━━━━━ SOURCE MATERIAL ━━━━━

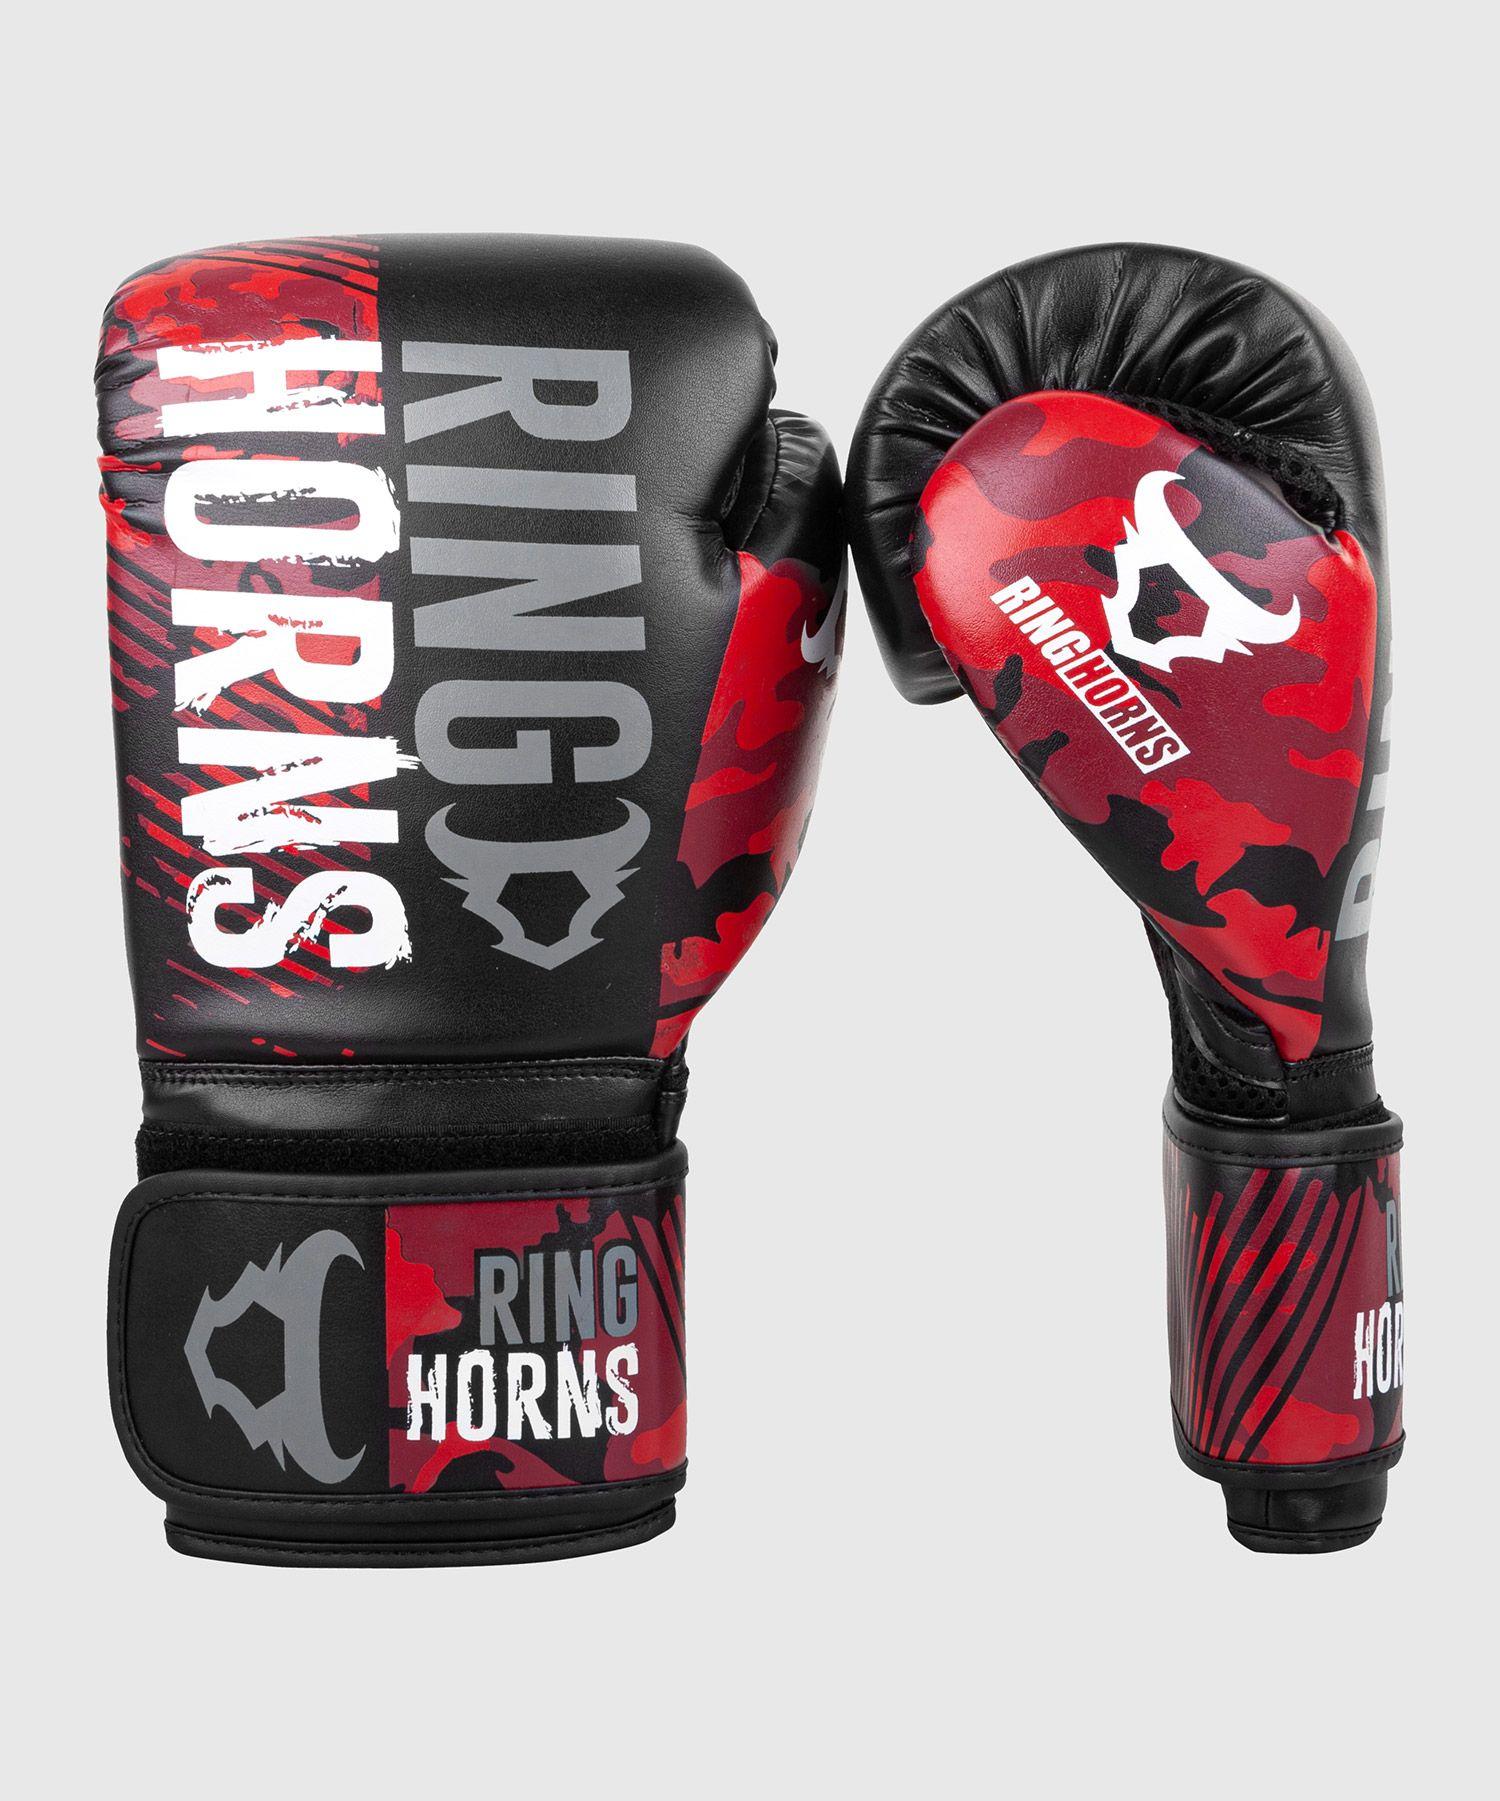 Guantes de boxeo Ringhorns Charger Camo - Negro/Rojo
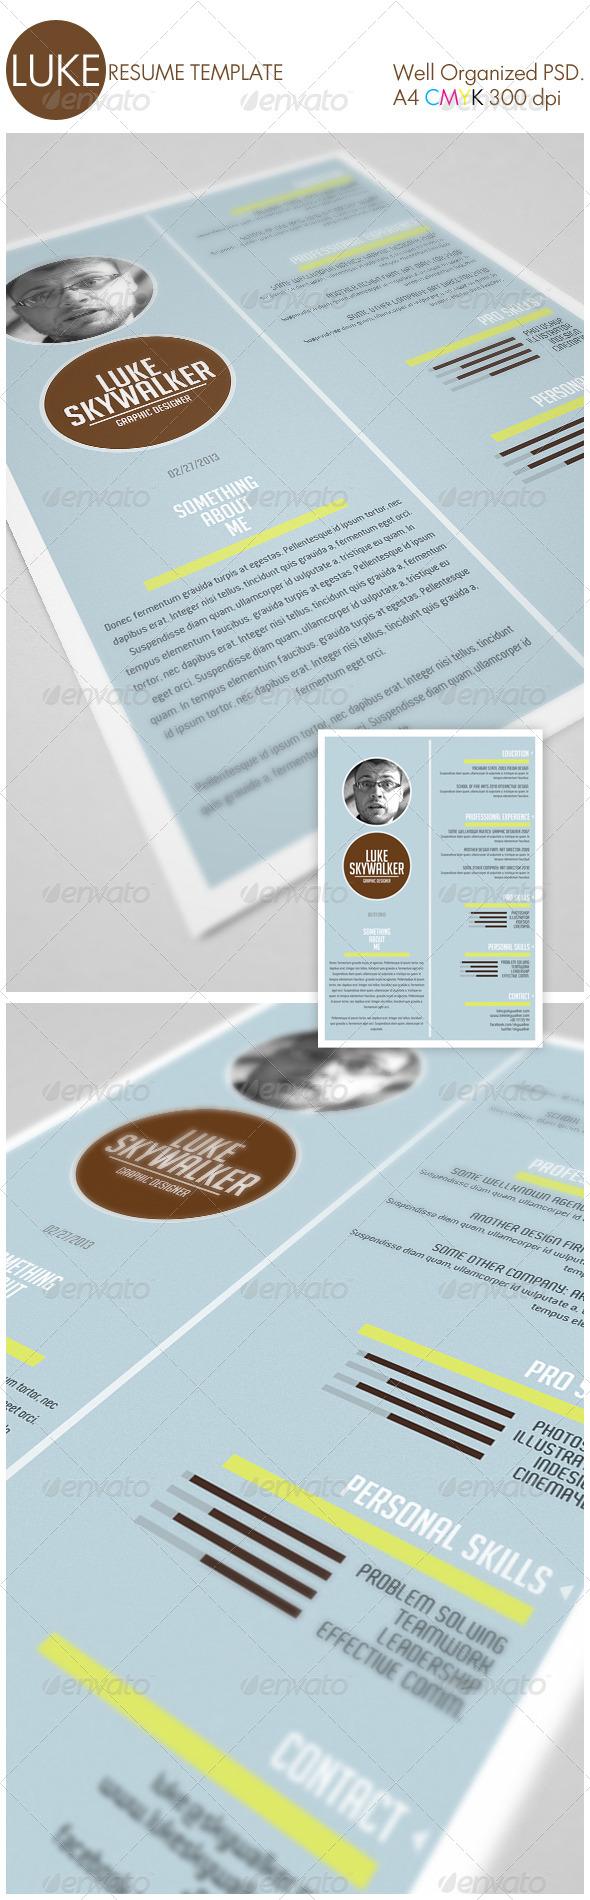 GraphicRiver Luke Resume Template 4155560
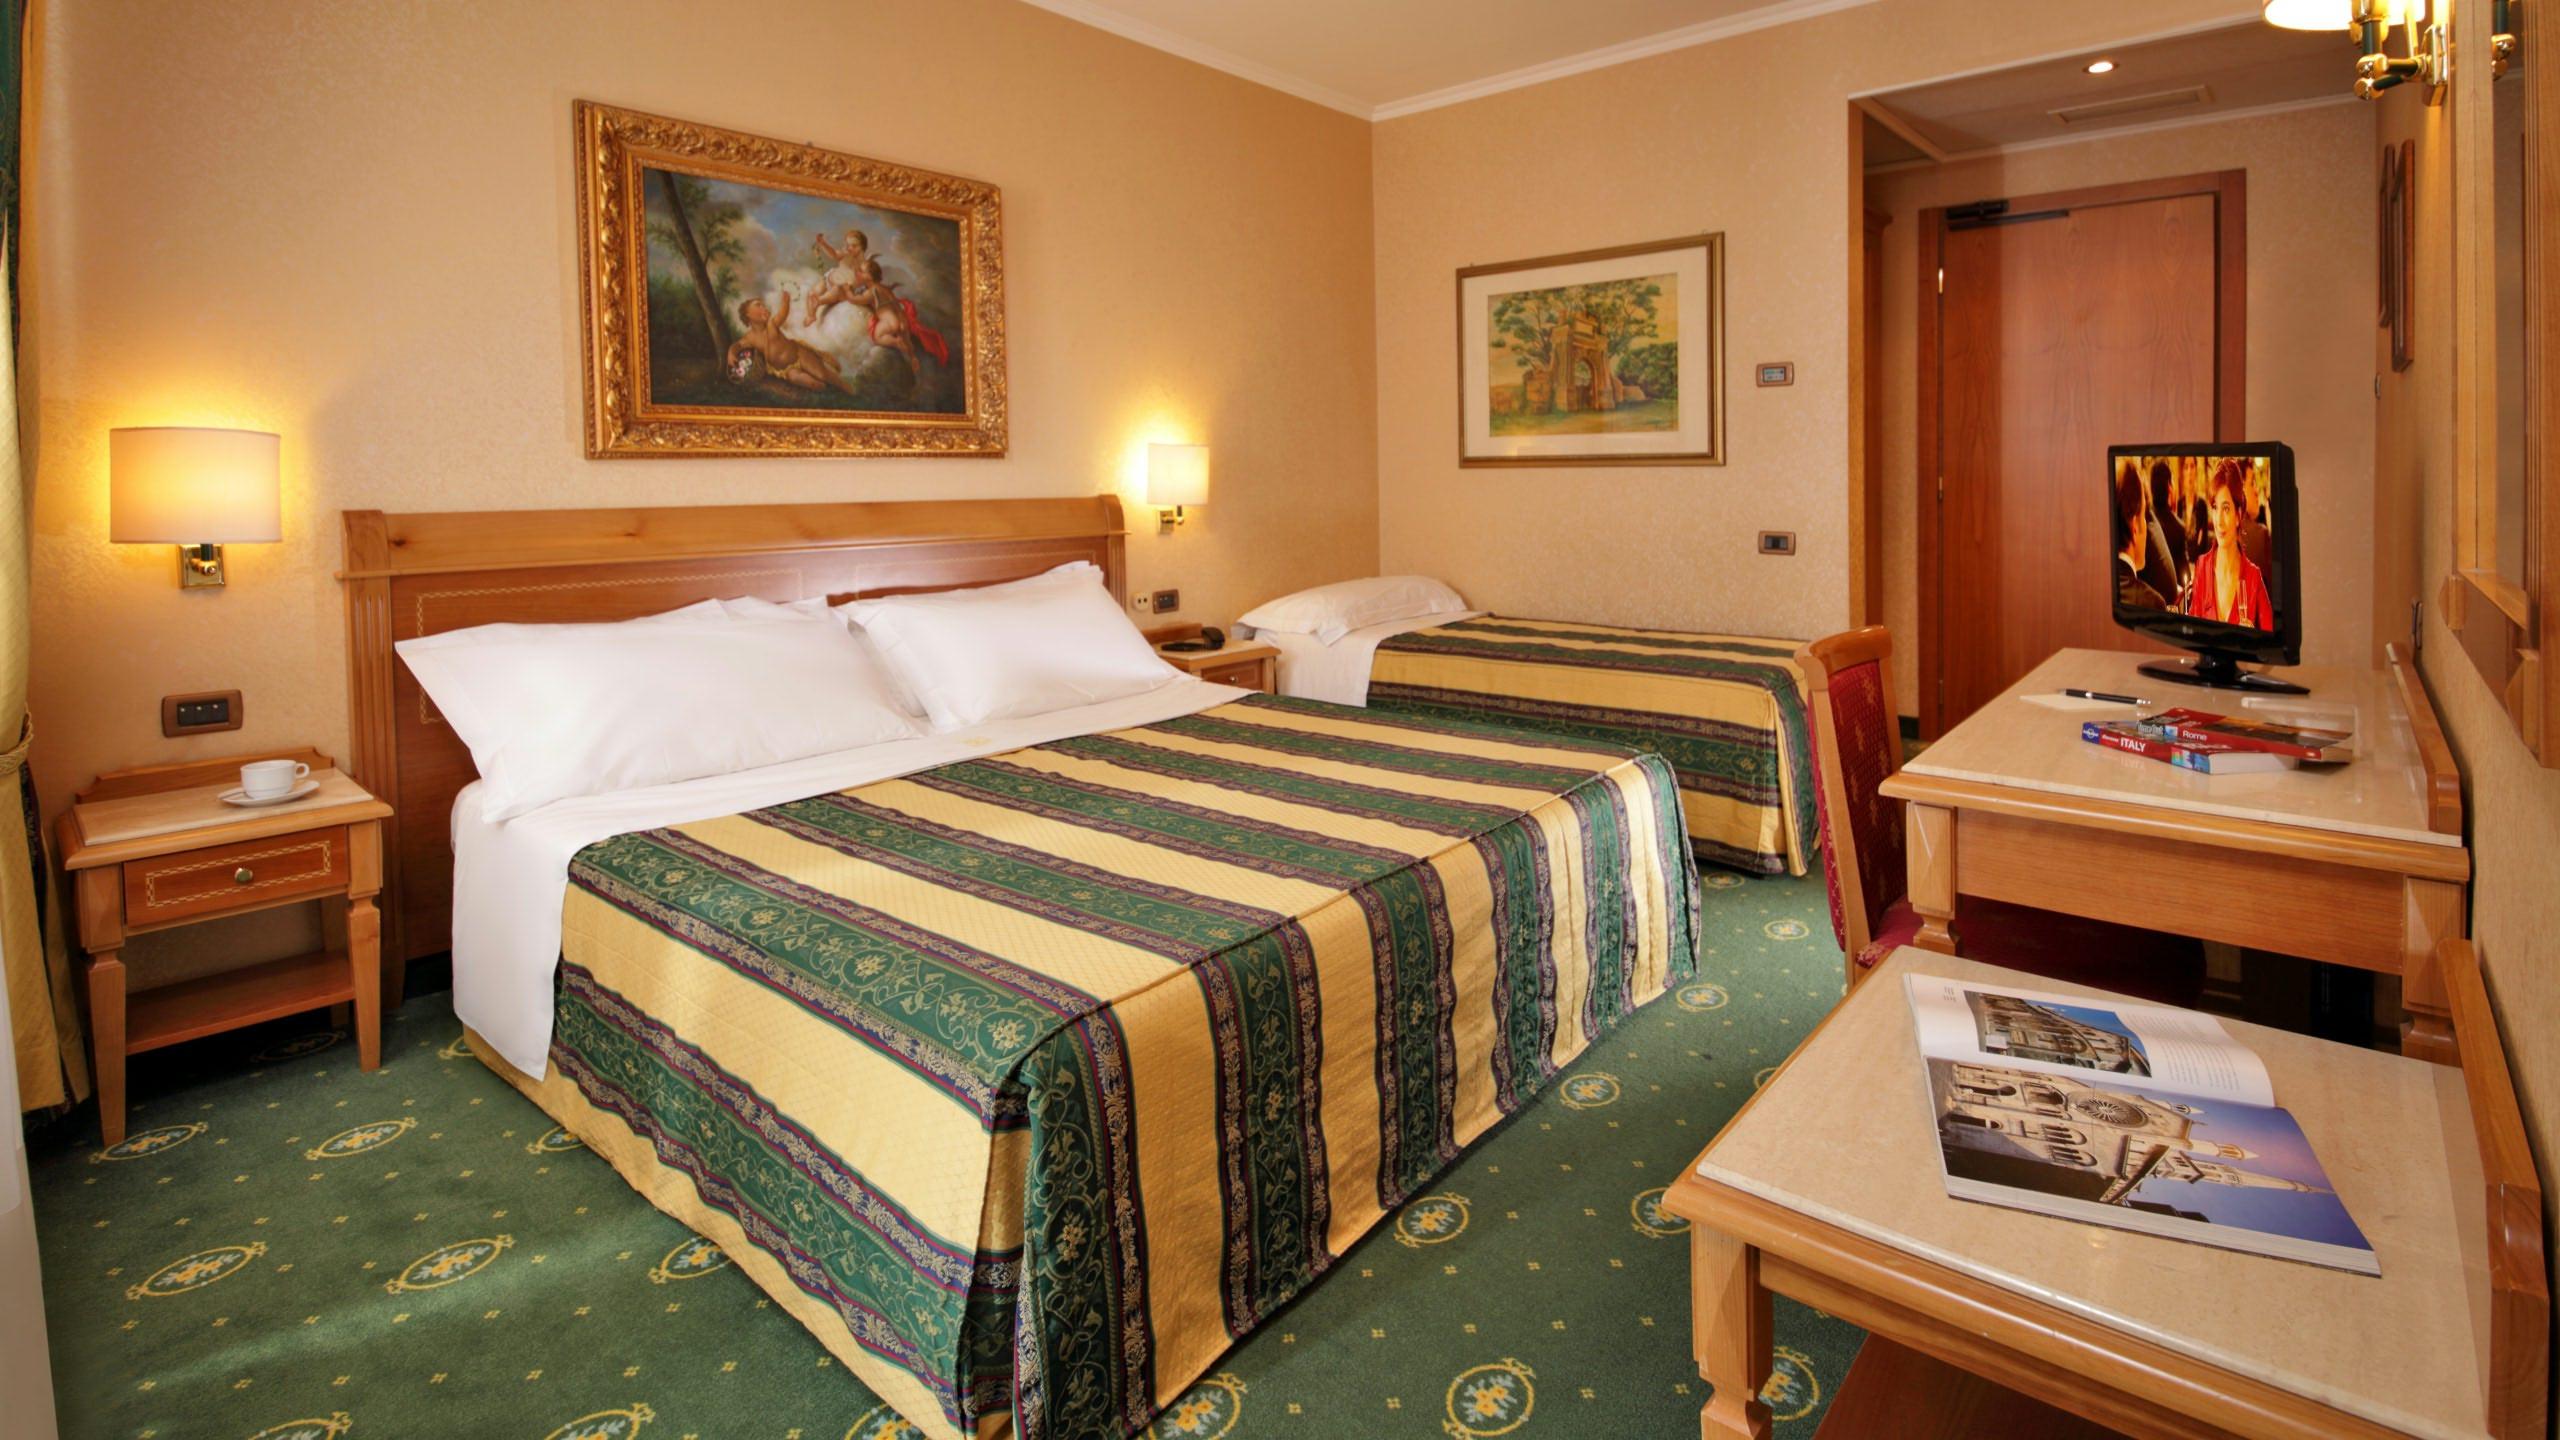 Hotel-Colonna-Frascati-camera-9

━━━━━

Without any pictures, transcribe the listing above exactly as written.

 Guantes de boxeo Ringhorns Charger Camo - Negro/Rojo
 GraphicRiver Luke Resume Template 4155560
 Hotel-Colonna-Frascati-camera-9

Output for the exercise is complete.